If you have more layers then the first layer’s output is next layer’s input and “n_units” is the same number for all layers. The output dimensionality does not depend on number of layers. Usually training is done in batches, so the output would be (batch_size, n_steps, n_units).

We pass “n_units” number to trax so that it would know what the dimensions of weight matrices should be.

Thank you! This was all incredibly helpful

@arvyzukai - thanks for taking the time to address my question. And thanks to @pneff for developing the discussion.

I agree with the original question. The topic seemed to get a bit side-tracked with explaining other aspects of the parameters, but the original question in unanswered.

It is quite unclear why TRAX has chosen to limit the output dimension in this way.

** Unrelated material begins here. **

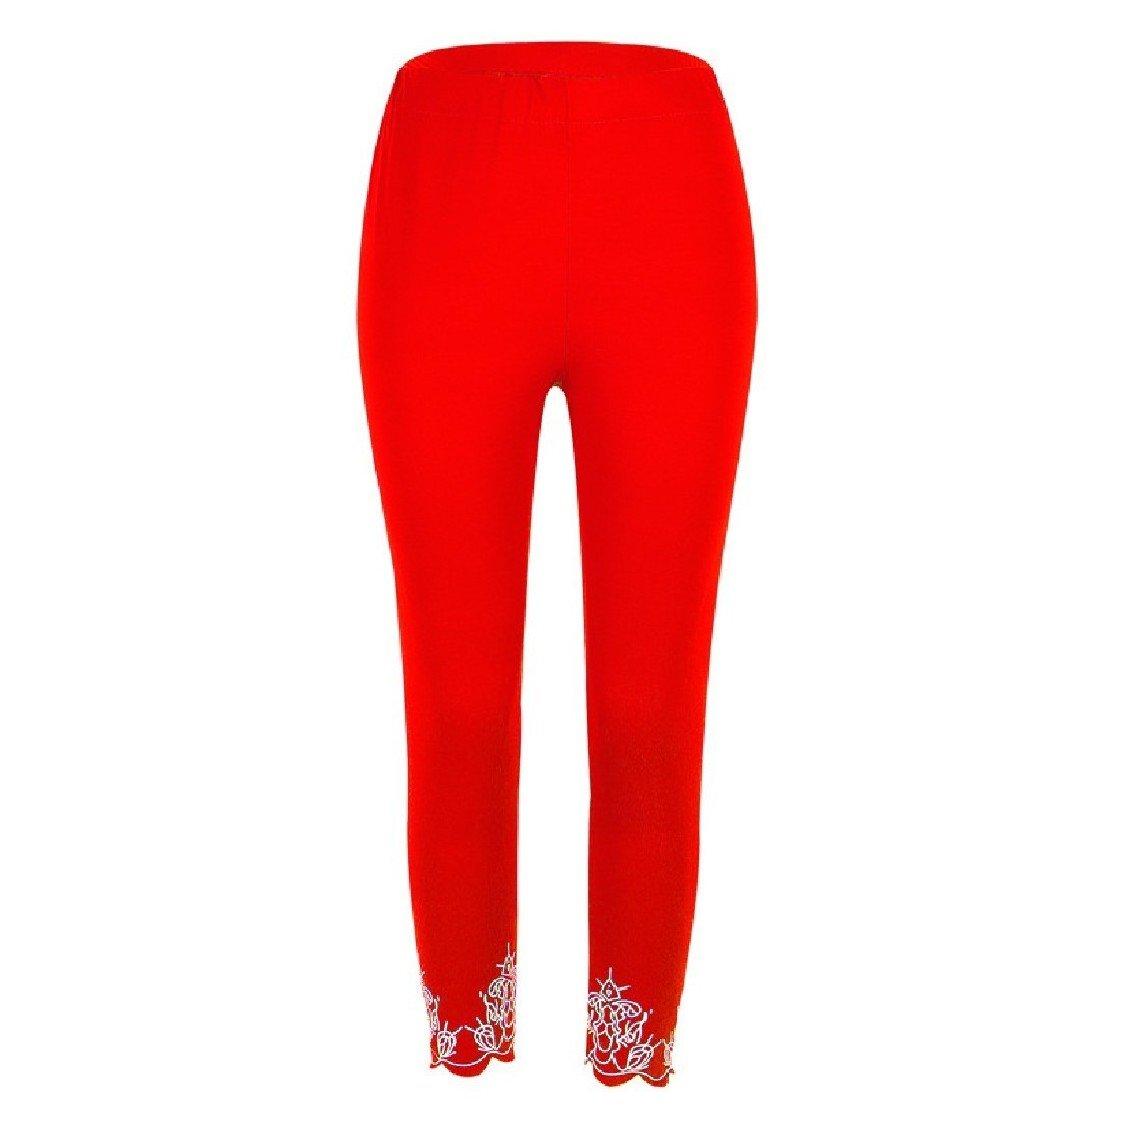 Fieer Women's Solid-Colored Oversized Floral Printed Slim Yoga Capri Legging

There seems to be no need for this, but it is quite clearly checked and hard-coded to restrict the choice of n_units. Is there anyone who can explain why this is?

Hi @Laurenz_Eveleens

To answer the original question is not that easy because you have to ask the trax creators themselves. But if you want to change the dimensions you can easily add a Dense layer and that would solve the problem.